» **TASK TO CARRY OUT**:
What you give back should be exactly the lines from the one with "Fishing At Sunset" through the end of the data, without the pictures.

» **SOURCE MATERIAL**:
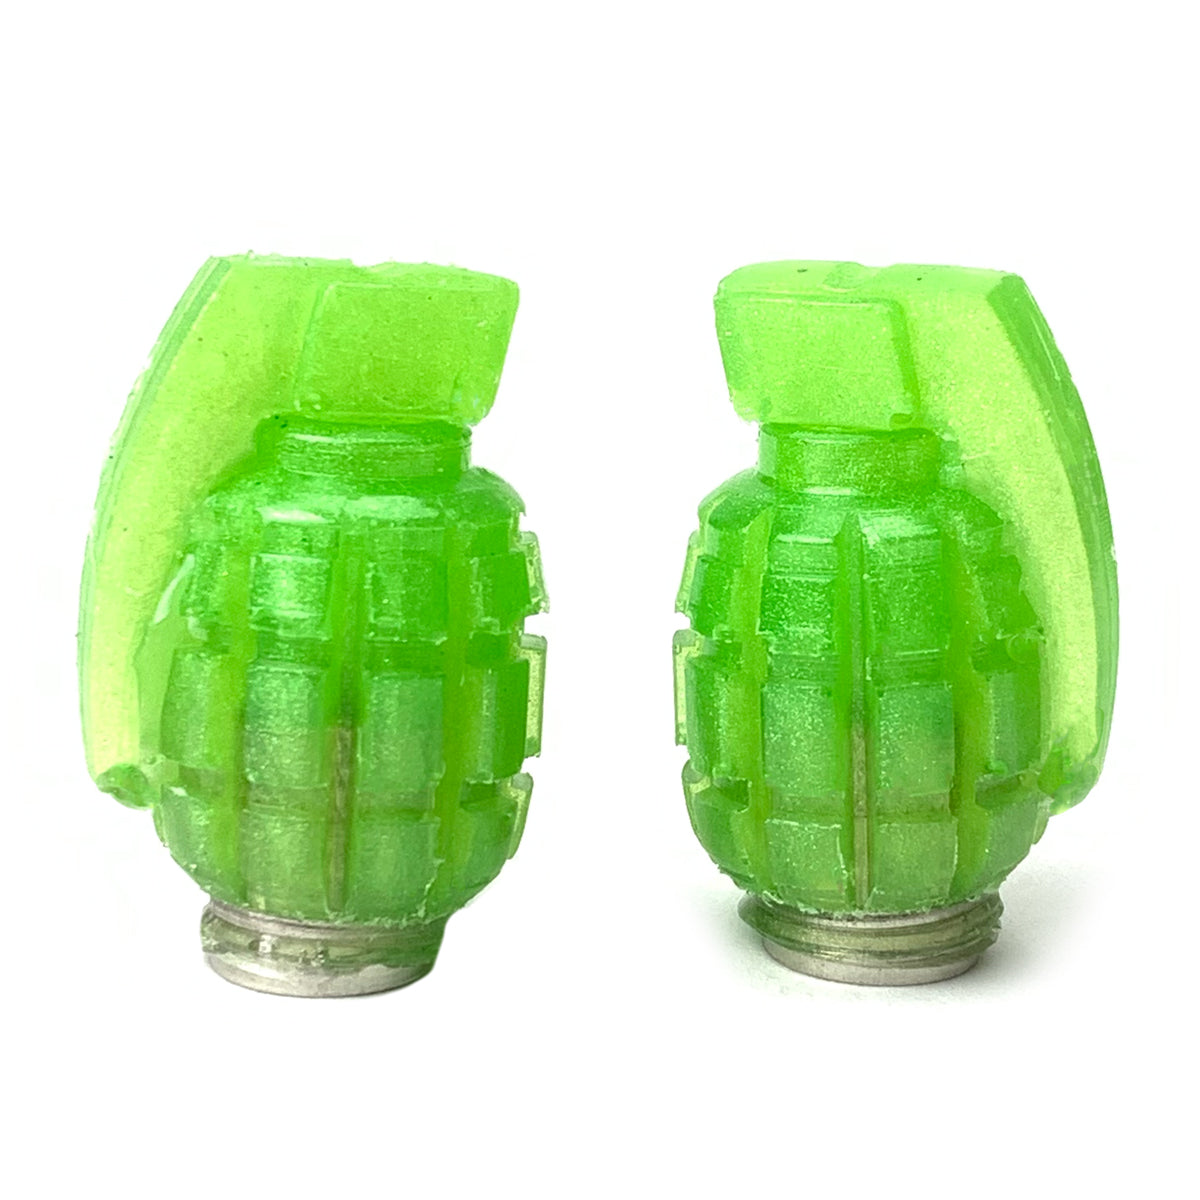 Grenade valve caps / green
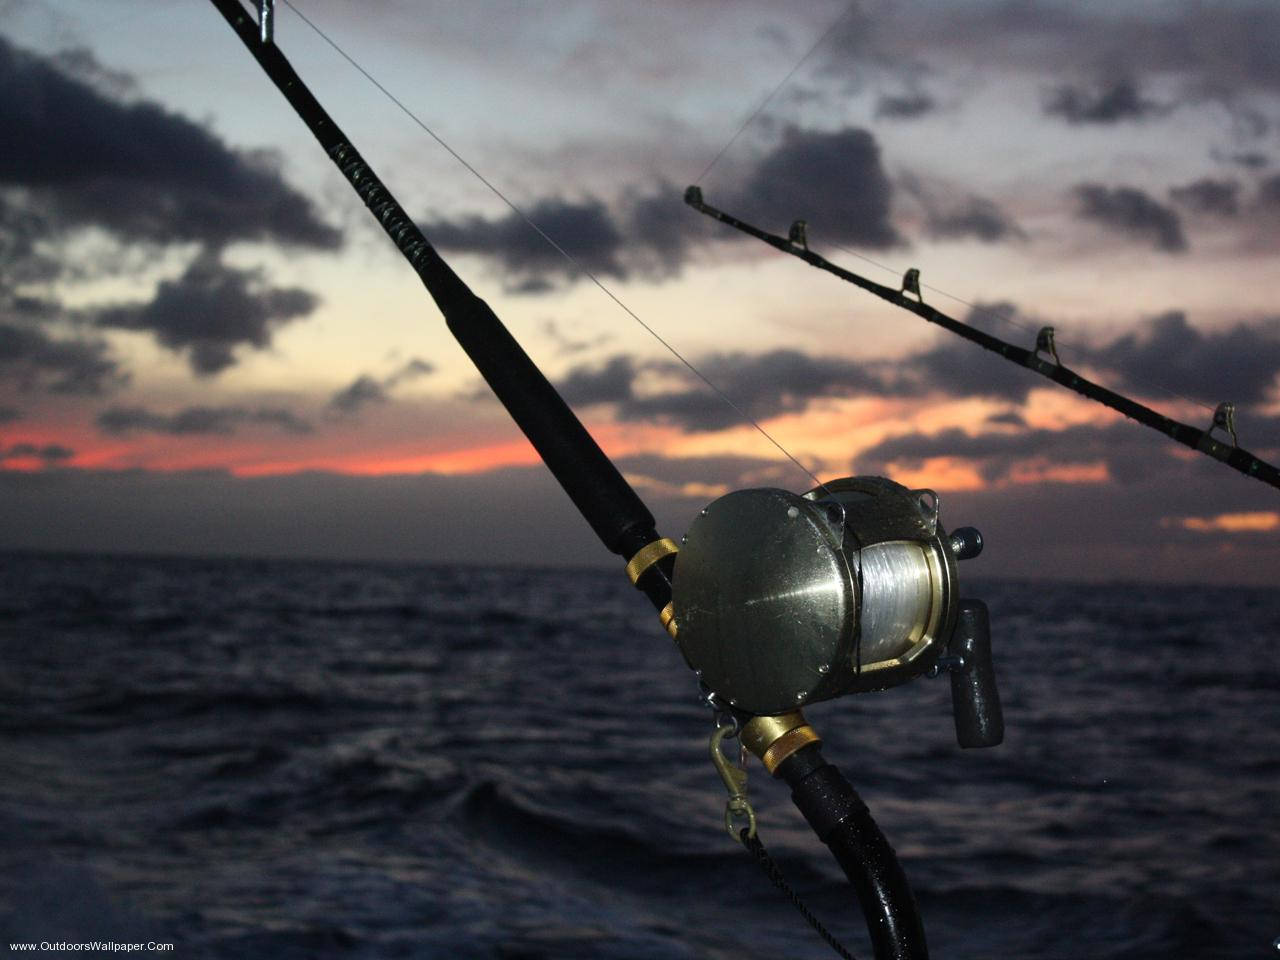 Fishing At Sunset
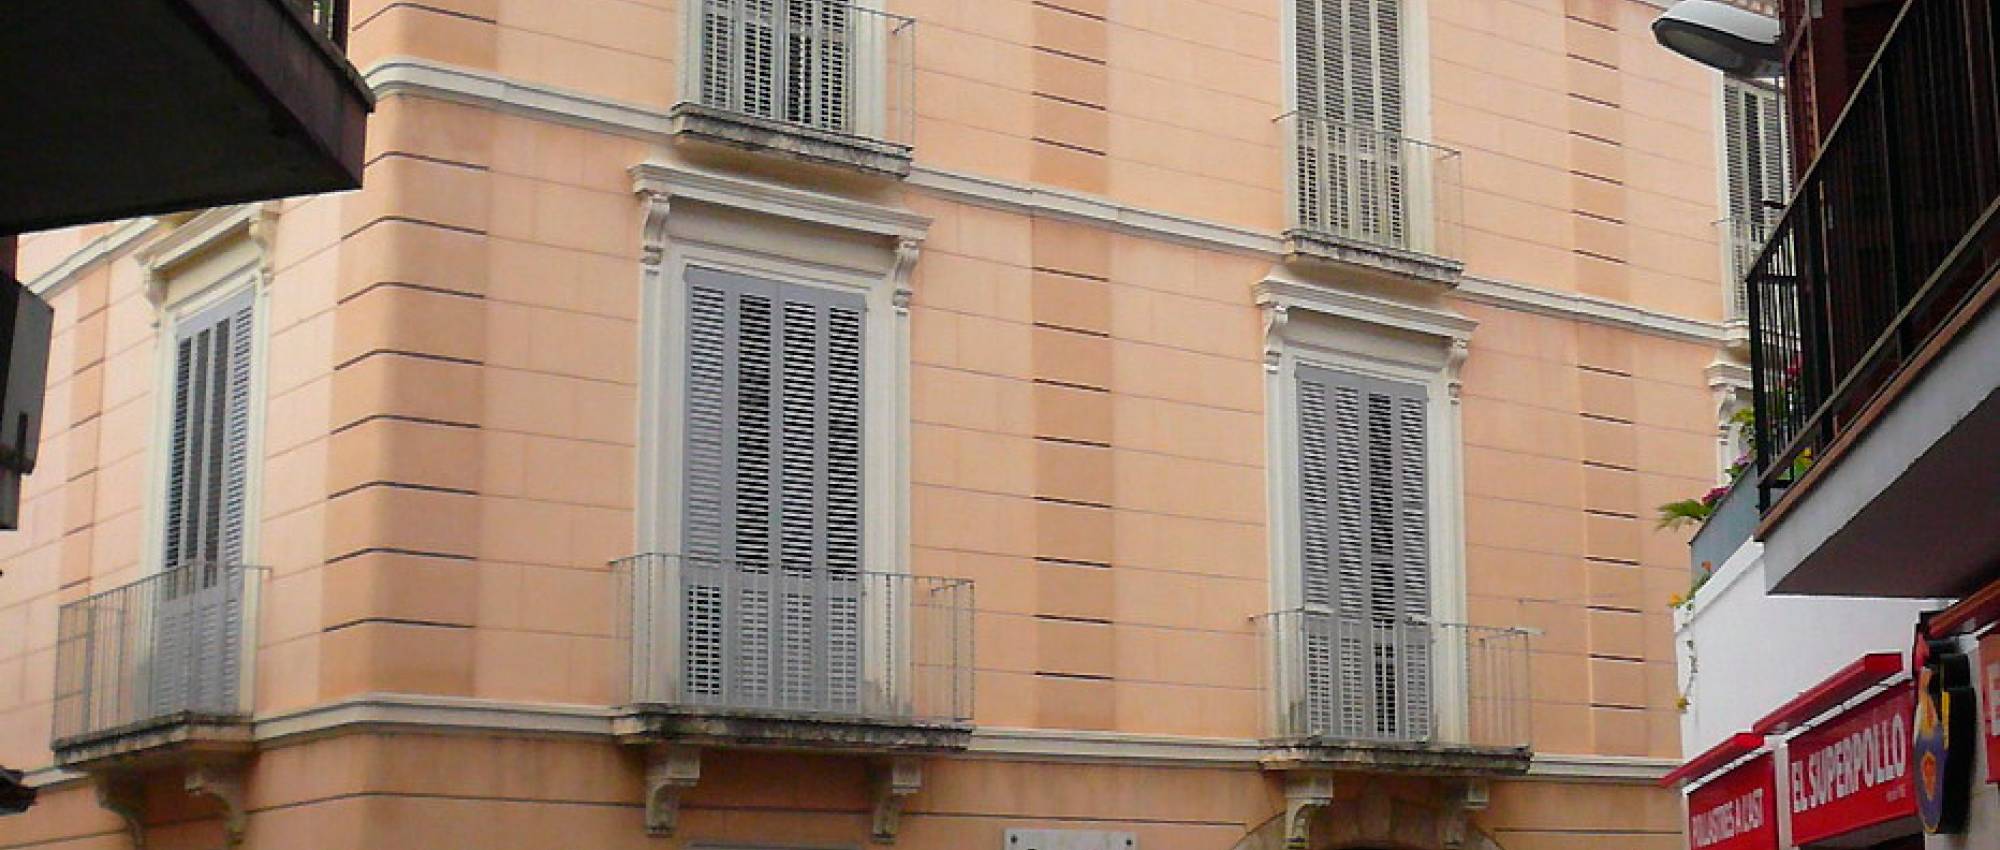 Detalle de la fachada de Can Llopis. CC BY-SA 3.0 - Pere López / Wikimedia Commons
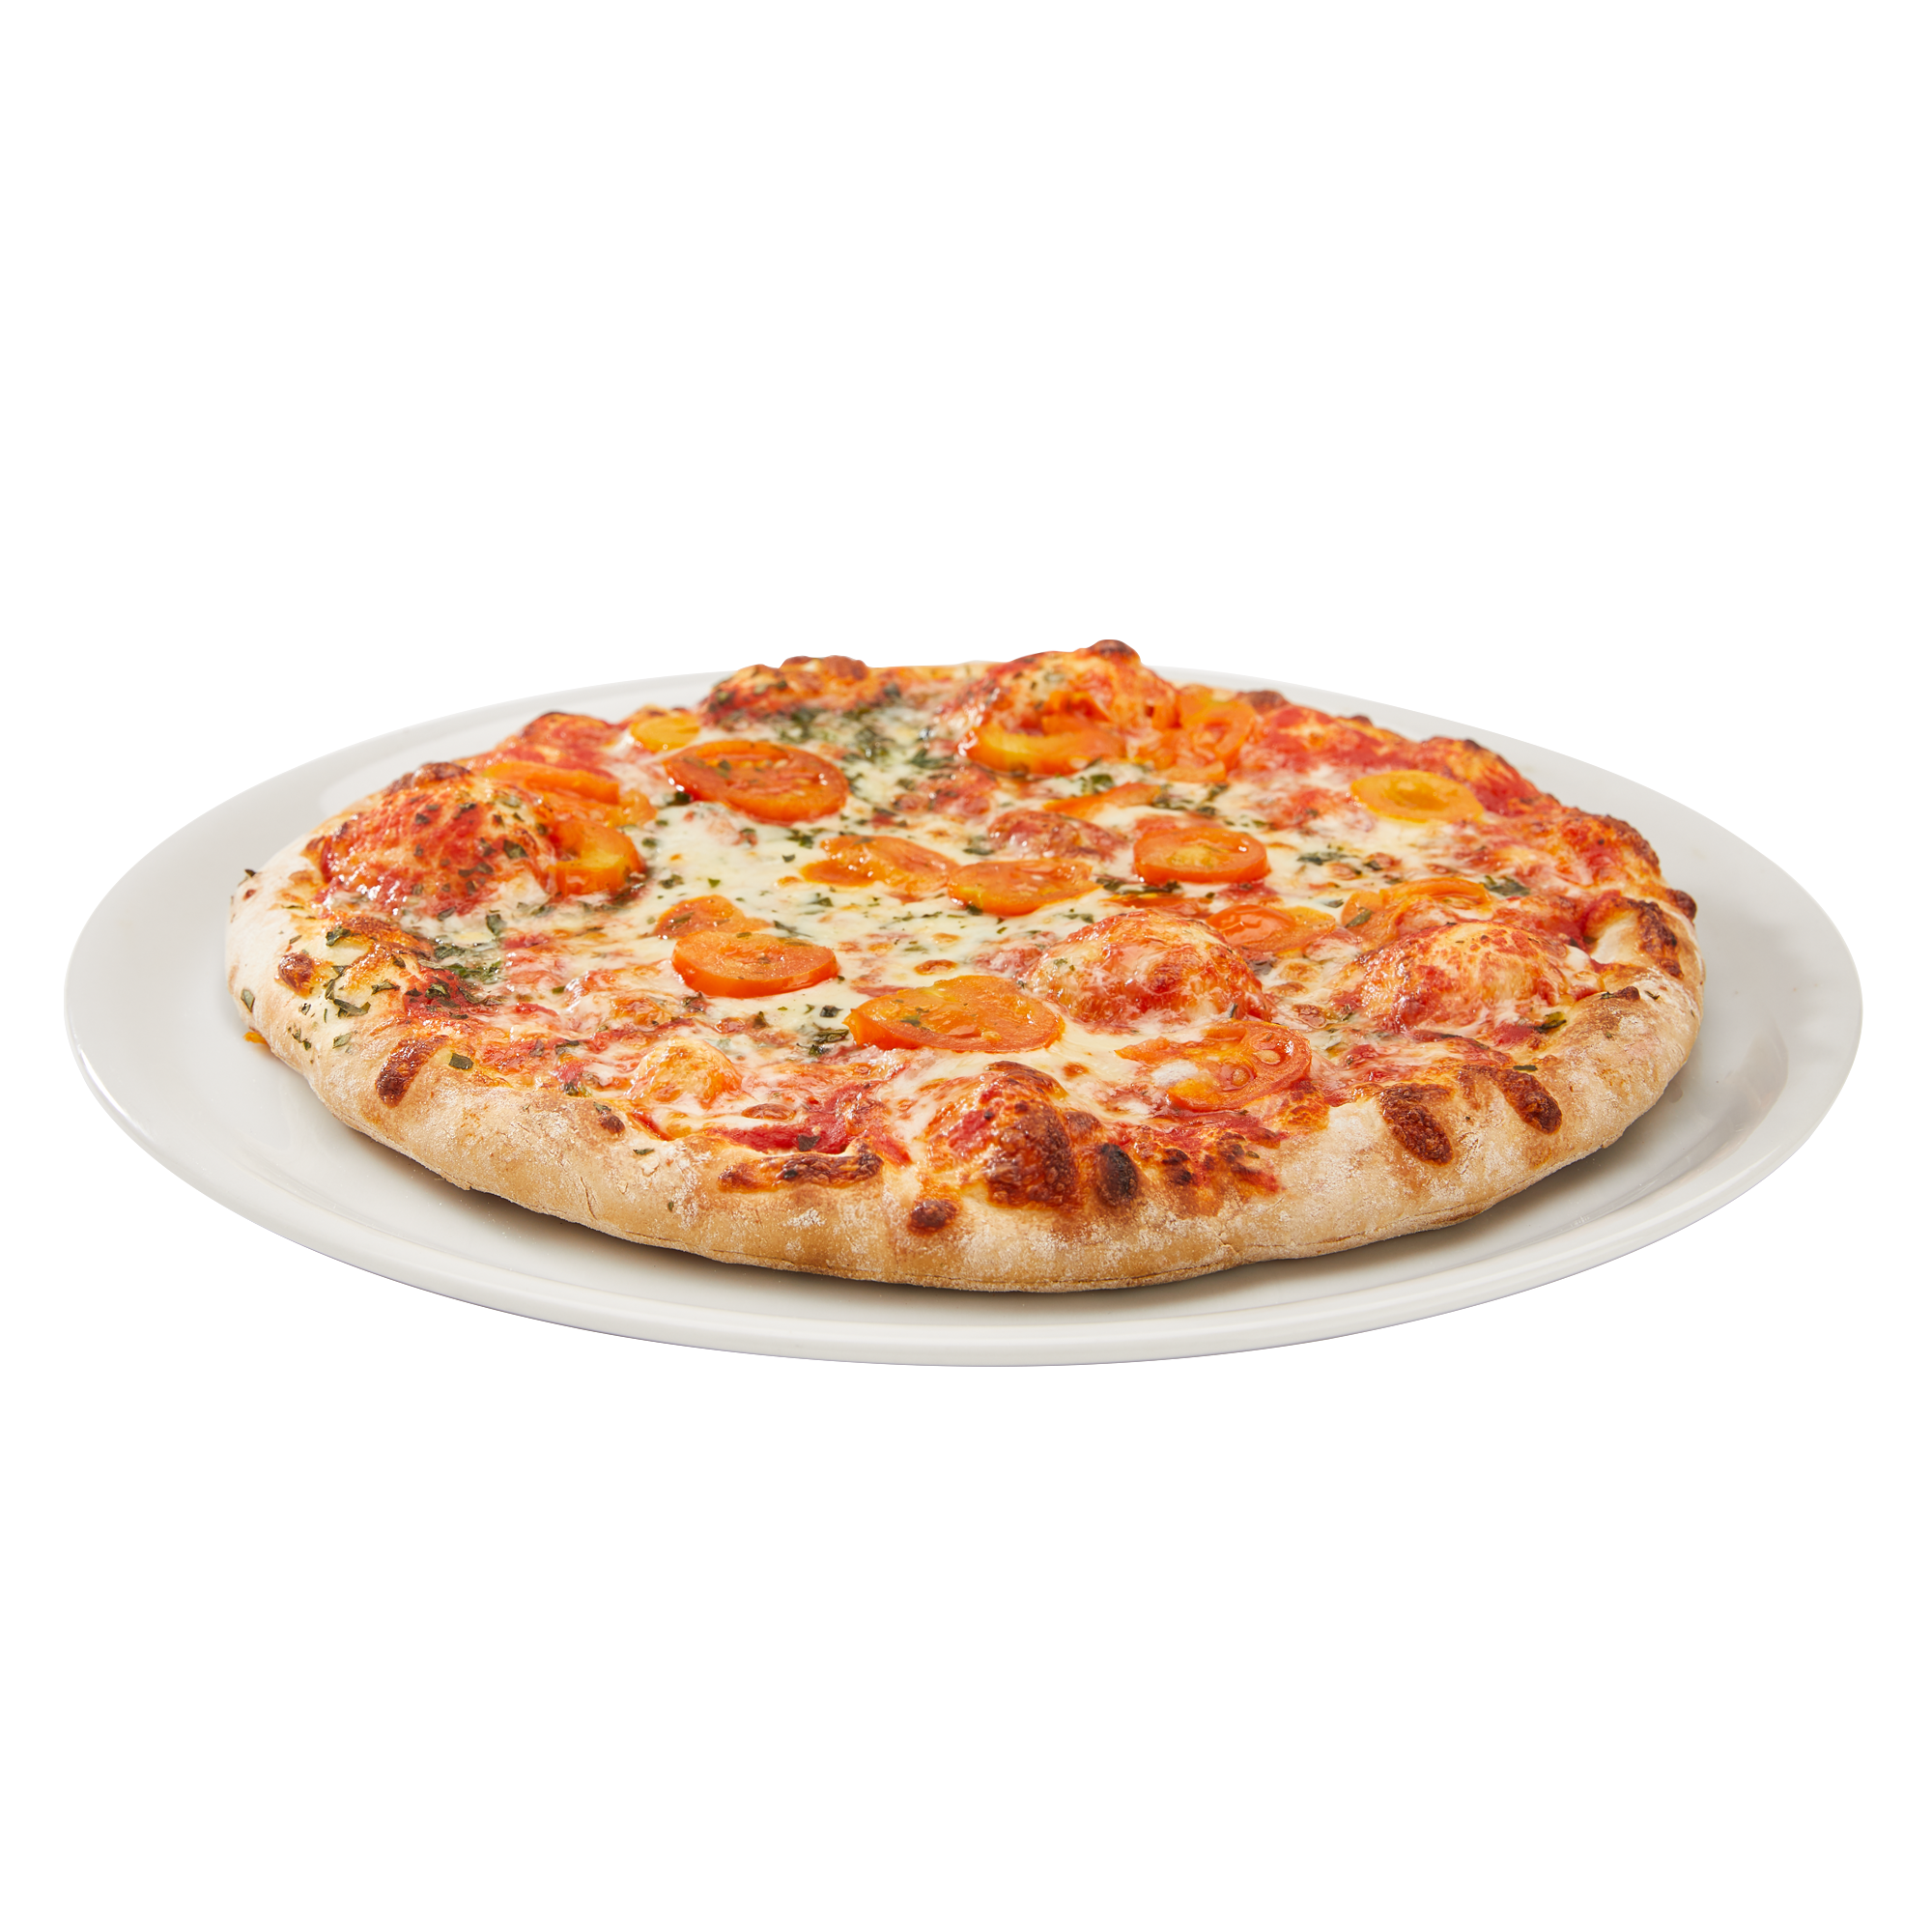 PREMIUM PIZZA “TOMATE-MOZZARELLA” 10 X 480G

» **THE ANSWER**:
 Fishing At Sunset
 Detalle de la fachada de Can Llopis. CC BY-SA 3.0 - Pere López / Wikimedia Commons
 PREMIUM PIZZA “TOMATE-MOZZARELLA” 10 X 480G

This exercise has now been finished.